Он замолчал и вытер пот со лба, а мне почему-то захотелось вскочить и убежать подальше от этих опасных речей и даже самой мысли о том, что все это может оказаться правдой. Конечно, я была уверена, что все это плод воображения старика ученого, который зациклился на своей биоэнергетике и теперь подгоняет имеющиеся факты под свою теорию. Все это звучало настолько дико и страшно, что мне не хотелось даже допускать мысли о существовании этой проклятой психотронной пушки. Любые другие причины происходящего устроили бы меня больше, но только не искусственное создание кризисной ситуации в стране. Пусть лучше стихия сметет все дома, чем сами люди. Так спокойнее и есть на кого свалить вину. И мне вдруг захотелось доказать этому профессору, что он не прав, что нет никакой пушки, и хотя жить от этого не станет легче, все же на душе будет спокойнее. Но для этого нужно было продолжать расследование, а это могло оказаться гораздо опаснее, чем я предполагала вначале. Нужно было отыскать этого Кобылянского.
— А что вы еще знаете о Кобылянском?
— Сейчас — ничего. Даже наши связи не помогают. Он исчез, словно бы растворился здесь, в Москве. Известно лишь, что в самом конце восьмидесятых он покинул Киев и приехал сюда. Он обращался в газеты, на телевидение, радио, пытаясь привлечь внимание к своей персоне. Он первым обнаружил закодированную информацию в сеансах Кашпировского, которого Горбачев использовал в качестве психологических вожжей в период становления гласности и демократии, иначе Горбачева сразу бы смели, как смели коммунистов в странах бывшего соцлагеря. Кобылянский обращался и к некоторым из нас, но мы, к сожалению, не воспринимали его всерьез. Сейчас он не числится ни в каких списках, его словно вообще не существует и никогда не существовало.

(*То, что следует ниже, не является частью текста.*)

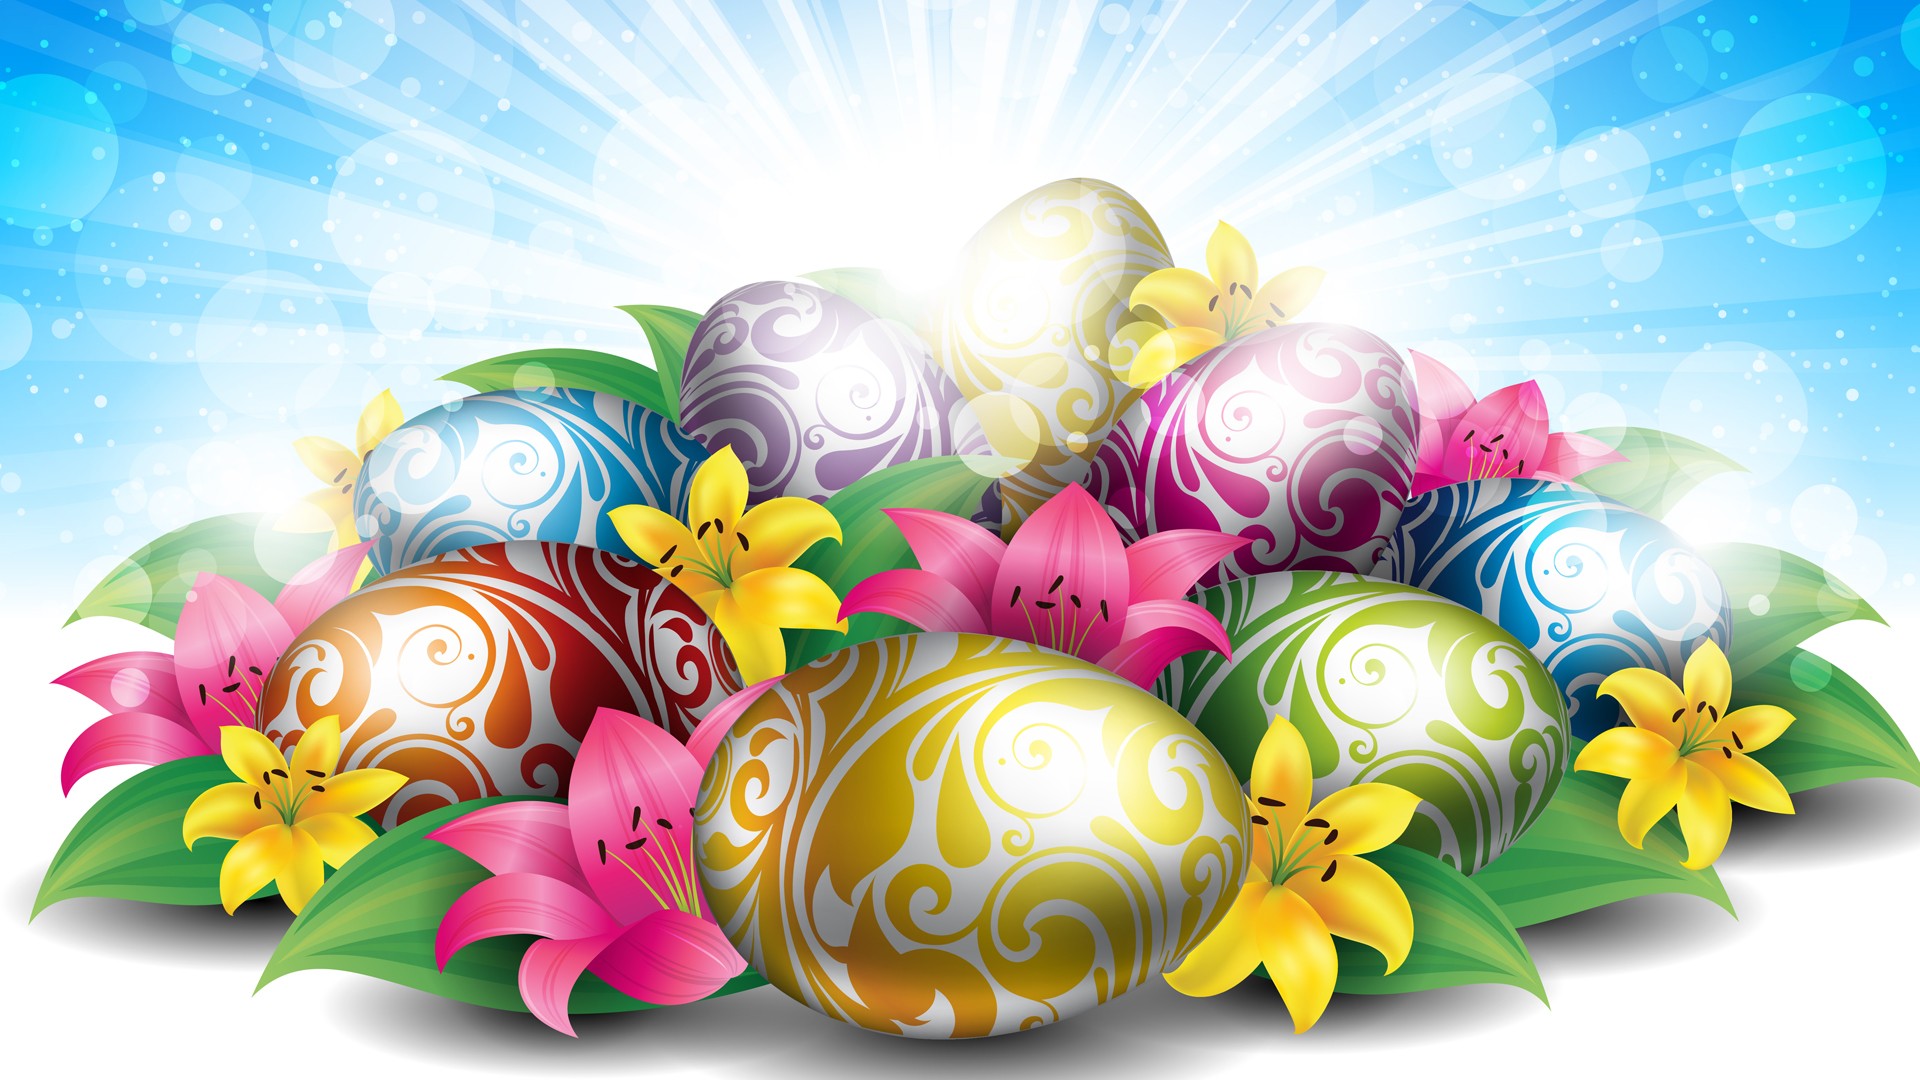 For Easter Background Wallpaper Your Desktop And Mobile Devices

— А может, его уже убрали? — предположила я.
— Не думаю, что кто-то станет резать курицу, несущую золотые яйца. Тогда бы убрали и Пенькова, и многих других. Без создателя аппарат не будет работать — это страховка, которую каждый ученый оставляет для себя на случай, если от него захотят избавиться.
Вот вам фотография Кобылянского… Хотя он наверняка поменял внешность и фамилию. — Он положил передо мной снимок черноволосого мужчины лет тридцати, с волевым лицом и маленькими круглыми, глазками. В нем было что-то от фанатика. — Поищите его по сектам, может, кто-то из тех, кто там заправляет, слышал о нем. Но, умоляю, будьте осторожны, не выдайте себя. Если хоть что-то заподозрят — сразу убьют и фамилии не спросят. После того, что они делают со своими сектантами, человеческая жизнь для них уже ничего не значит. Они тщательно охраняют источники дохода, и об этих аппаратах знают только посвященные.
— Но вы сказали, что в сектах используют УВЧ, — напомнила я. — При чем здесь Кобылянский?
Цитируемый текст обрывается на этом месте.